I prayed that the LDS church would provide all that. It didn't happen!. The AIDS crisis shaked society to its core and LGBT people have to re-examine their lives and "alone" come to the acknowledgment that being in hiding was not healthy.

Monogamy and faithfulness was the answer. Now we feel free to be ourselves, all the vices that came from living in obscurity are finally coming to an end. We know feel free to love, have families, live monogamous lives and be proud of what we are.

I feel that our Heavenly Father rejoices in our new found freedom and fulfillment.

It is sad that the LDS church and the Evangelicals are colluding together and feeling that their freedom are under threat because people dare to be happy and dare to claim that the "shepherds have failed".

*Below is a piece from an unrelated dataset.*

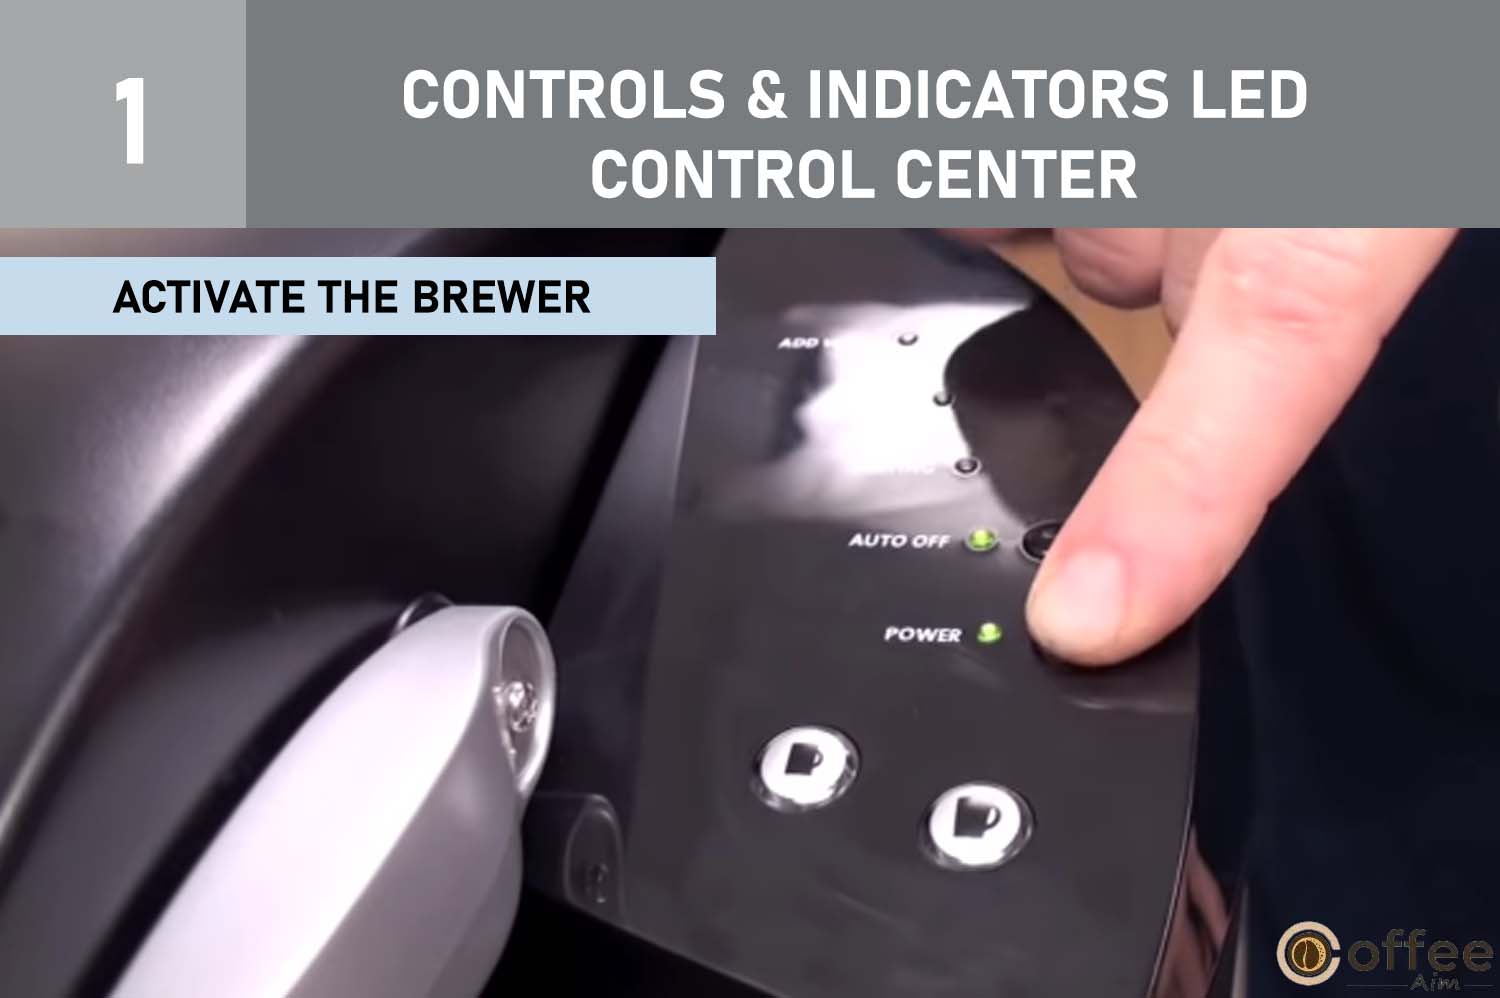 This illustration elucidates the process of "Activating the Brewer" under the heading "CONTROLS & INDICATORS LED Control Center" in the comprehensive guide titled "How to Use the Keurig B-40."

IMHO the LDS church still have time to rectify its position and establish itself as the Zion to ALL children of God.

Vancouver, WA

I'm not sure what religious freedom everyone is proclaiming is being lost. I haven't heard of anyone being denied to right to worship in the United States. It was a Latter-day Saint family that had to petition the Supreme Court to take prayer from schools because "Christian" kids were harassing their Mormon children with their "prayers." Public institutional support of religion is going away, but (as I live in the Unchurched Northwest) the opportunities to share and exercise our faith are absolutely still omnipresent in America. The government in the US (states) intervenes when people deny their dying children medication for religious reasons. Now, throughout the world, that is another story, there are so many oppressed by different religions and religious leaders. I'm grateful to be a Latter-day Saint and able to share my faith through words personally and published via the Internet.